Gachibowli is a suburb of Hyderabad, Telangana, India, located in the Serilingampally mandal of the Rangareddy district. It is situated about 5 km away from HITEC City, another IT hub. Gachibowli is home to numerous tech companies and residential units. It has a vast area and is dotted with rocky surface and hillocks all around.

Etymology
The word ‘Gachi’ means lime mortar and ‘bowli’ comes from the word ‘baoli’ which means a well. Thus the area ‘Gachibowli’ is named after the presence of a well plastered with limestone.
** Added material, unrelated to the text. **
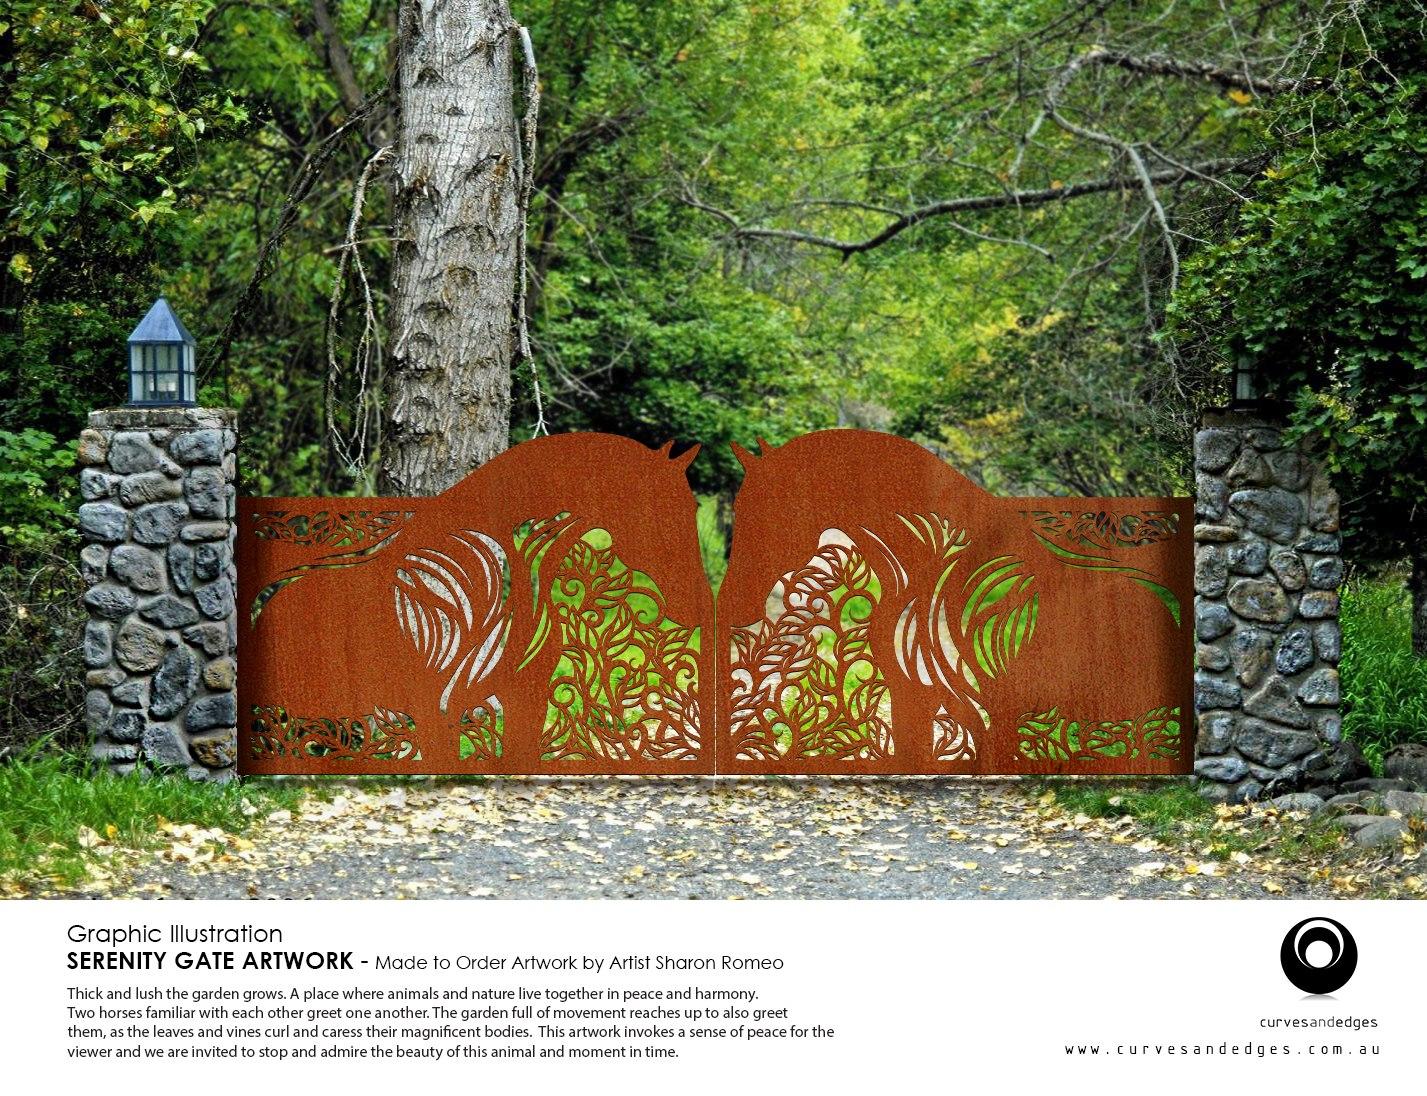 Serenity Gate Artwork

The Asaf Jahi period 200 year old Gachibowli Stepwell, next to Jama Masjid-E-Dilawarsha Begum, was revived and inaugurated in November 2021.

Gachibowli- ORR Junction
There are multi-level flyovers at the Outer Ring Road entrance at the Gachibowli Junction, which are constructed as part of Strategic Road Development Program (SRDP). As per 2022 traffic study conducted by the Greater Hyderabad Municipal Corporation (GHMC), the peak hour traffic at Gachibowli junction  stands at 9,806 PCU (Passenger Car Unit)/per hour. By 2036, the same junction is estimated to face a traffic of 17,711 PCU/hour. The four-lane bi-directional flyover from Shilpa Layout to the Outer Ring Road near Gachibowli Junction was inaugurated on 25 November 2022. This 823-metre-long, 16.60-metre-wide flyover has two twin steel girders. Some spans of this flyover are placed across the existing Gachibowli Crossroad Flyover. The 2.81-km long flyover at Shilpa Layout is the second longest four-lane bi-directional flyover in Hyderabad.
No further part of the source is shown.